# New build out review and critique wanted.



## 2swift4u (Aug 15, 2020)

Hi All,
My name is Pat and I am re-entering the fish keeping arena! It's been 12yrs sense we had to give up our 55g cichlid and 55g full reef tanks so I'm a bit rusty and there is a lot of new tech on the market!
I am looking for advise on our new setup just so I can make any necessary corrections if needed before we fully stock the New tank. Current stock 7 peacocks,albino pleco and 1 Frontosa.

Current new build out is a 150g 48x24x30 running twin Fluval FX4's with fine substrate + small air stone. Doubled down on bio and added extra carbon to canisters.

This will be a mostly a peacock tank with a Frontosa, max stock of 15.

Am I on track or missing something? 
Thanks in advance all!


----------



## DJRansome (Oct 29, 2005)

Welcome to Cichlid-forum and back to the hobby!

The frontosa needs a 72" tank and may be uncomfortable with the peacocks long term.

I assume you are doing all male. How will you find 15 peacocks that look nothing alike? We usually do haps along with the peacocks in an all male tank to manage aggression by stocking fish that look nothing alike.


----------



## ken31cay (Oct 9, 2018)

DJRansome said:


> The frontosa needs a 72" tank and may be uncomfortable with the peacocks long term.

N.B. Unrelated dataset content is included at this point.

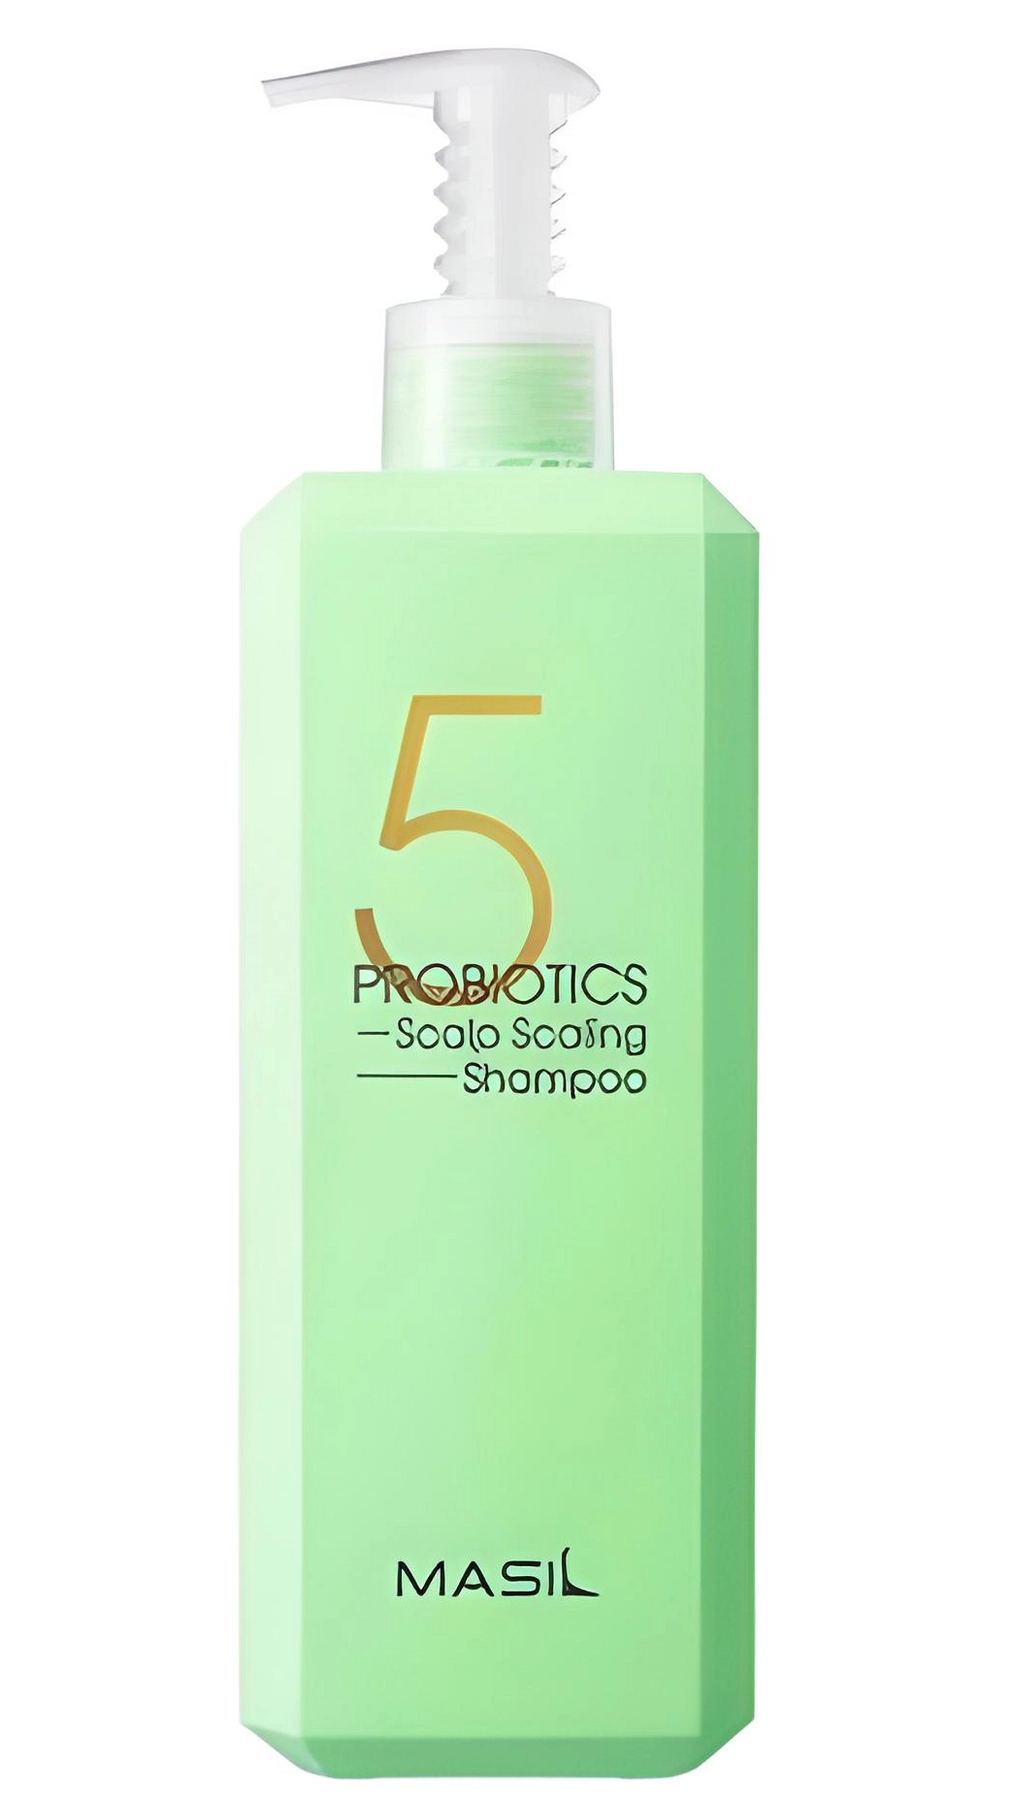 Шампунь для глубокого очищения жирной кожи головы с пробиотиками - Masil 5 Probiotics Scalp Scaling Shampoo, 500 мл - фото N1

+1. They also do best in groups of six or more, with tankmates that are similarly peaceful. The Frontosa may survive in your current tank but it won't thrive like it would with other Frontosa in a larger tank.


----------



## 2swift4u (Aug 15, 2020)

Yes after the fact we realized what we had. We have researched the Frontosa and with mixed opinions will not remove from the flock at this time. Minus the obvious what are your thoughts as to the build?
Also I would love some advice regarding a nitrate reactor. Do they make a stand alone that does not require a sump? If so do you have any recommendations. Thanks Pat.


----------



## DJRansome (Oct 29, 2005)

Why do you need a nitrate reactor? What species of peacocks do you have?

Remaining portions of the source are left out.